Records contained in a dataset
────
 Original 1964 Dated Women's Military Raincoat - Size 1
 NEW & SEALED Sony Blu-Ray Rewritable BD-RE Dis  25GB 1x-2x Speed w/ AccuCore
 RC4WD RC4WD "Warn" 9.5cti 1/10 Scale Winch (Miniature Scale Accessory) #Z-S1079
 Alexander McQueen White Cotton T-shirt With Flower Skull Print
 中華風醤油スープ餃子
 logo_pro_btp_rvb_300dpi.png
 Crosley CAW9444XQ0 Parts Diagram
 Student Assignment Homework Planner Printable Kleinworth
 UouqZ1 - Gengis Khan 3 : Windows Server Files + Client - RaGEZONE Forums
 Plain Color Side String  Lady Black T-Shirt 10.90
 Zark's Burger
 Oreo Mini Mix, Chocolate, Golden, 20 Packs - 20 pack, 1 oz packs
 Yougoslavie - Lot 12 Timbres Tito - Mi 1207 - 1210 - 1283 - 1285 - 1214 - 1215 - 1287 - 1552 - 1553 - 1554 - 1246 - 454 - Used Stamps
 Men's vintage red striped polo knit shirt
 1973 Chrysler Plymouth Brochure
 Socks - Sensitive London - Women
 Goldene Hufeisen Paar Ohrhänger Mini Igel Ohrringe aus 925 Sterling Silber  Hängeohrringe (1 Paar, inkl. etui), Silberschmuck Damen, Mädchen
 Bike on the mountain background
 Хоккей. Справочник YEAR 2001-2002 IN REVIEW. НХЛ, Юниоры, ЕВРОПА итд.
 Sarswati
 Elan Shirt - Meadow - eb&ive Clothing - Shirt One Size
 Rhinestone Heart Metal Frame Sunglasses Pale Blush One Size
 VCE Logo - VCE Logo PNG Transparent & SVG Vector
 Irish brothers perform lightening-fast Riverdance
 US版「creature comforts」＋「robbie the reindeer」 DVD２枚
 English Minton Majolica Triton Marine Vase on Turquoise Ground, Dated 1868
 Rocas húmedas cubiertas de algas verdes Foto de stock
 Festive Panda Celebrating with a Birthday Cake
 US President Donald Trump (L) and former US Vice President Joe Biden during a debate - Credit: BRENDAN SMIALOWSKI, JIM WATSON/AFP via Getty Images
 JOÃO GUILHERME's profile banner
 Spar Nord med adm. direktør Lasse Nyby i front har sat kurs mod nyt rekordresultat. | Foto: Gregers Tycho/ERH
────
▶ _Task item_
Nothing but the lines from the first line of the data through the line with "Plain Color Side" should be returned, exactly as they appear, both ends included.

▶ _Task output_
 Original 1964 Dated Women's Military Raincoat - Size 1
 NEW & SEALED Sony Blu-Ray Rewritable BD-RE Dis  25GB 1x-2x Speed w/ AccuCore
 RC4WD RC4WD "Warn" 9.5cti 1/10 Scale Winch (Miniature Scale Accessory) #Z-S1079
 Alexander McQueen White Cotton T-shirt With Flower Skull Print
 中華風醤油スープ餃子
 logo_pro_btp_rvb_300dpi.png
 Crosley CAW9444XQ0 Parts Diagram
 Student Assignment Homework Planner Printable Kleinworth
 UouqZ1 - Gengis Khan 3 : Windows Server Files + Client - RaGEZONE Forums
 Plain Color Side String  Lady Black T-Shirt 10.90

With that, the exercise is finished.